- _Dataset_
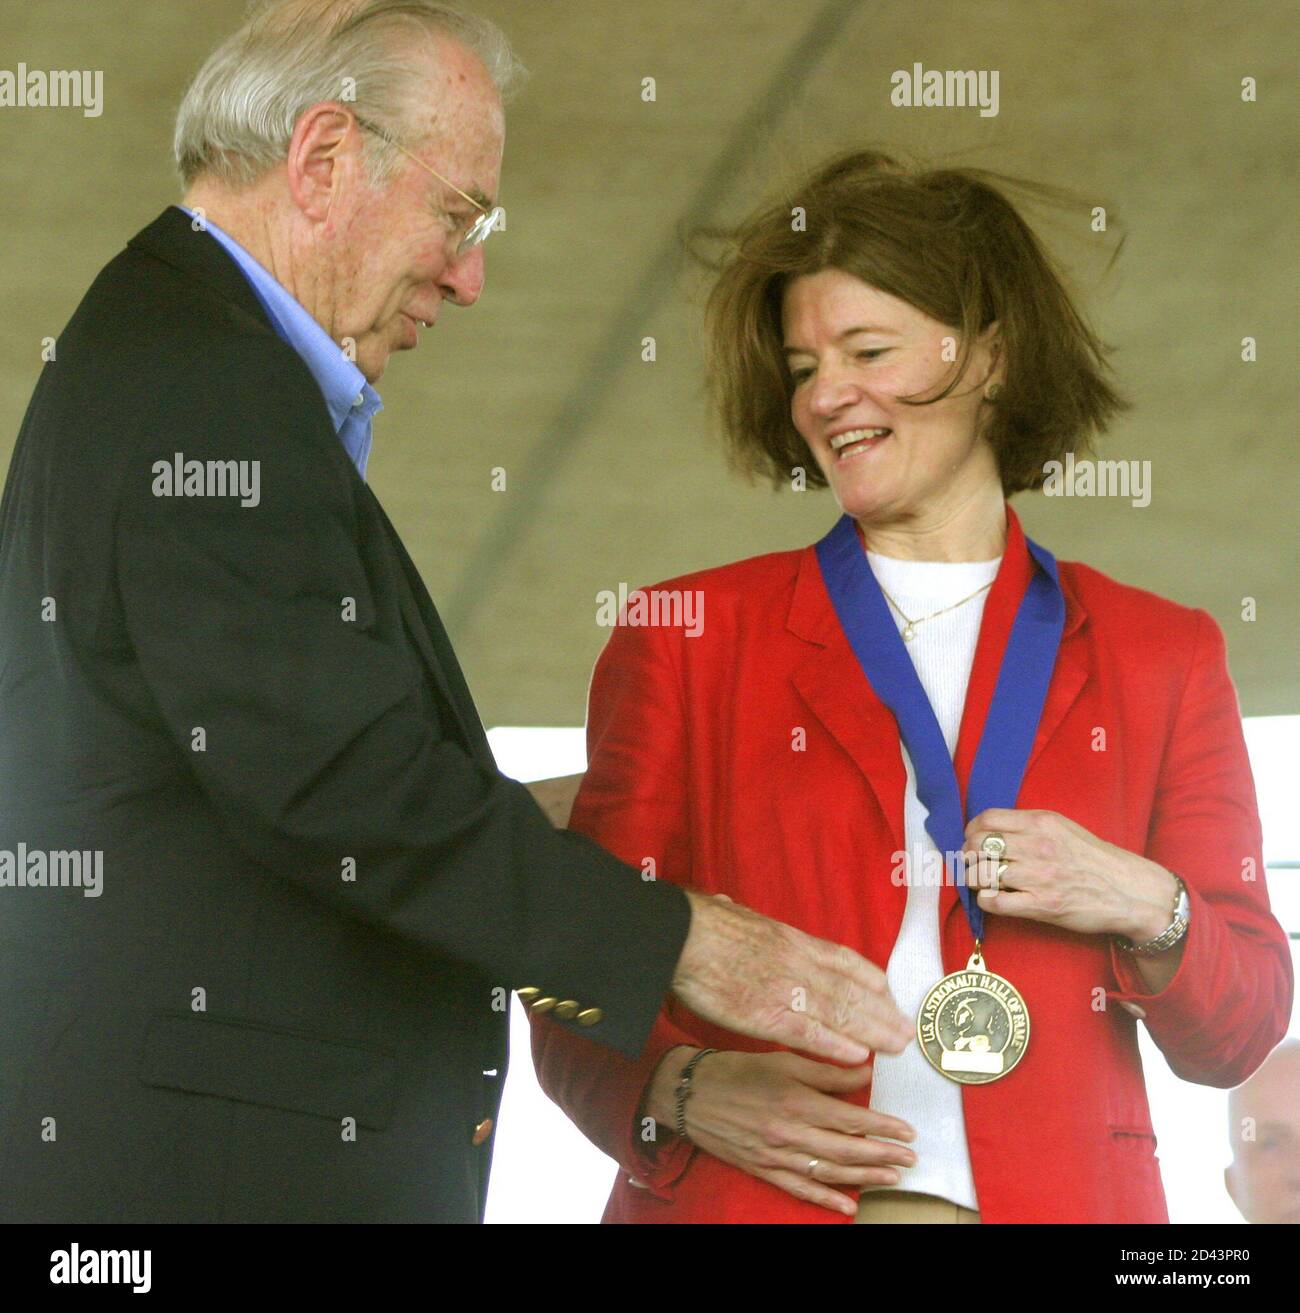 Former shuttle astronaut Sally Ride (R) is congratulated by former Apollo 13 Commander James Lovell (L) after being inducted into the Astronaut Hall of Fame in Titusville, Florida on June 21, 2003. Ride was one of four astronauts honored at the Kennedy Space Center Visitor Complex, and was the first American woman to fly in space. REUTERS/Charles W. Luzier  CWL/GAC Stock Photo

* * *

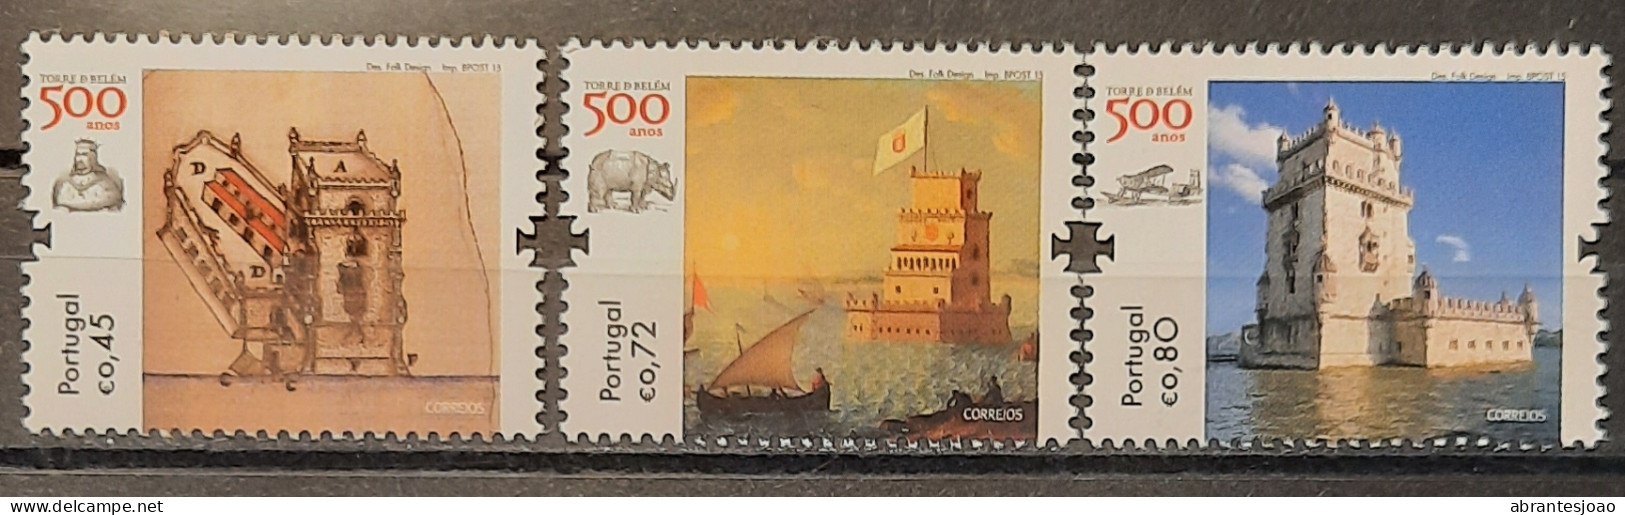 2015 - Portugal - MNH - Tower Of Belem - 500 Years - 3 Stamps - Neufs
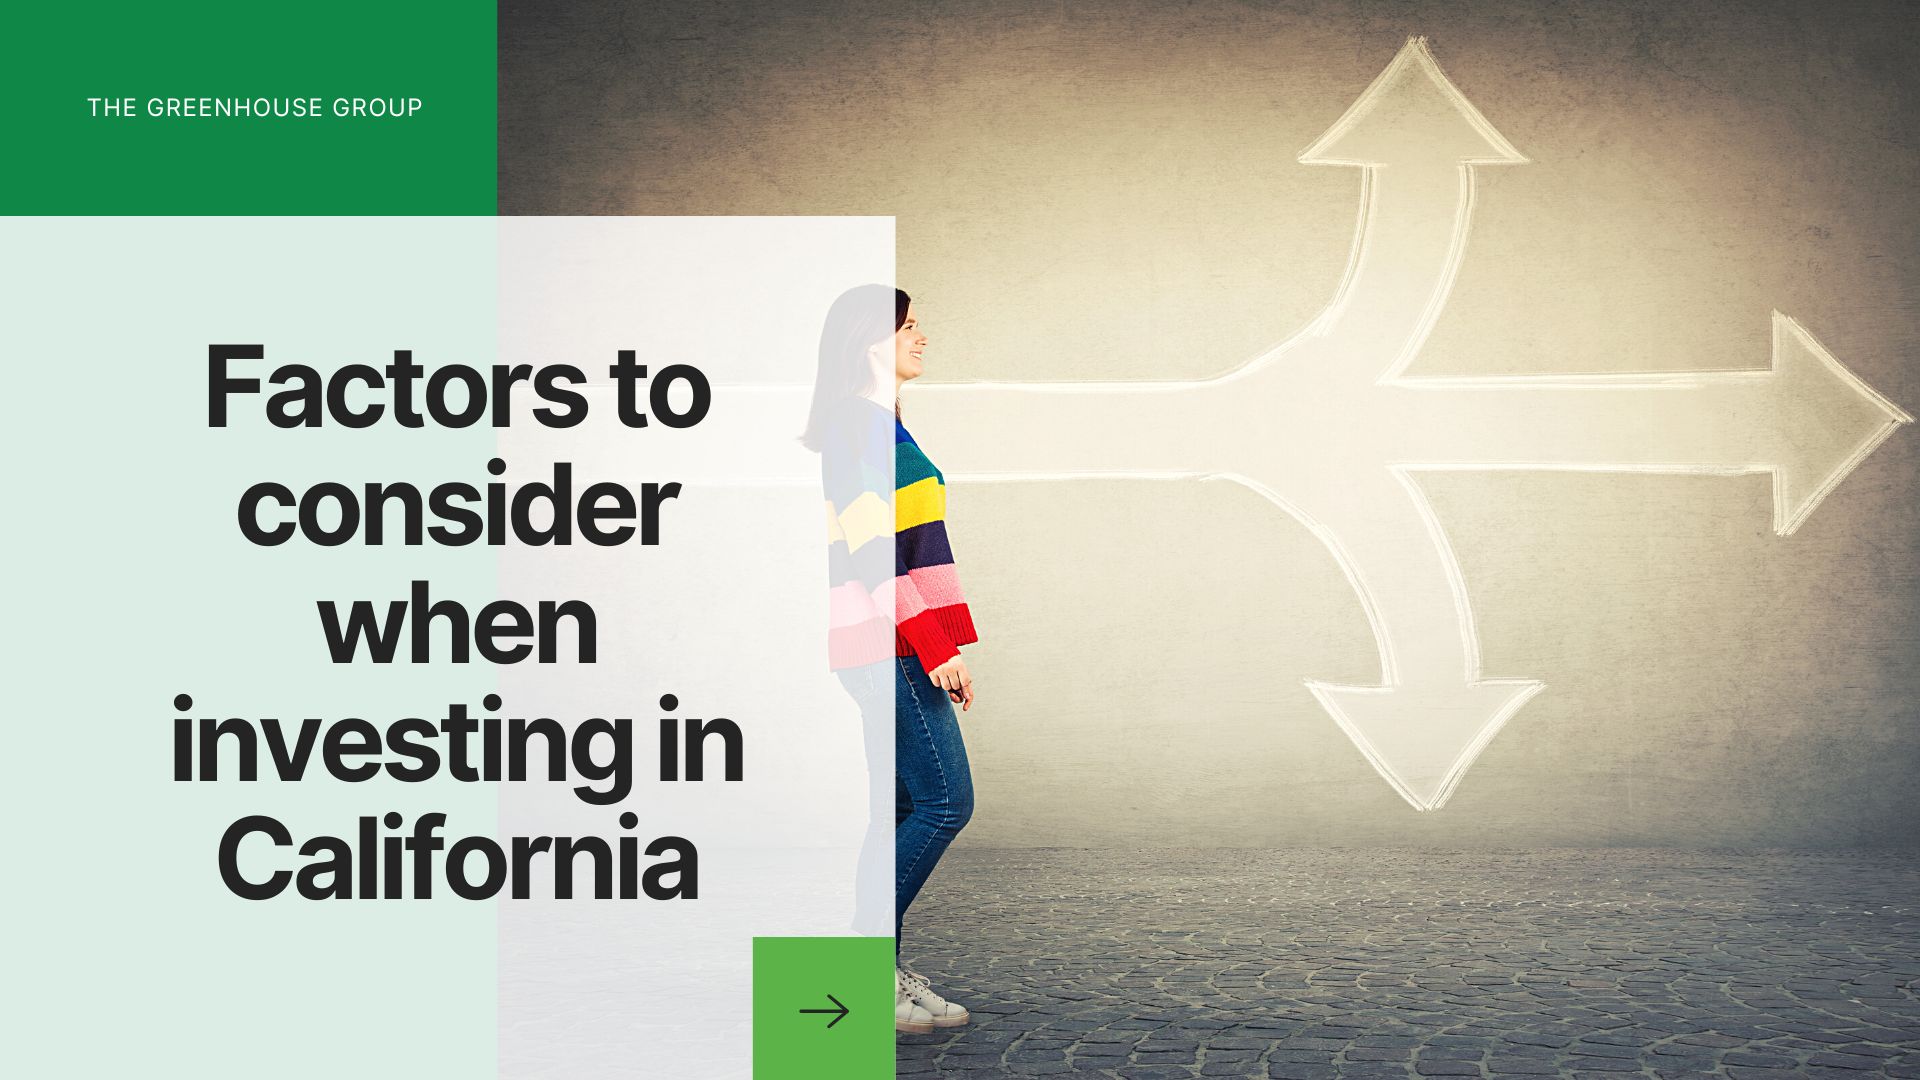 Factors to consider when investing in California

- _What you are asked to do_
Take the material above from the line bearing "2015 - Portugal" through the line bearing "Factors to consider" and write it out exactly, both end lines included. Pictures stay out.

- _Solution to the problem_
 2015 - Portugal - MNH - Tower Of Belem - 500 Years - 3 Stamps - Neufs
 Factors to consider when investing in California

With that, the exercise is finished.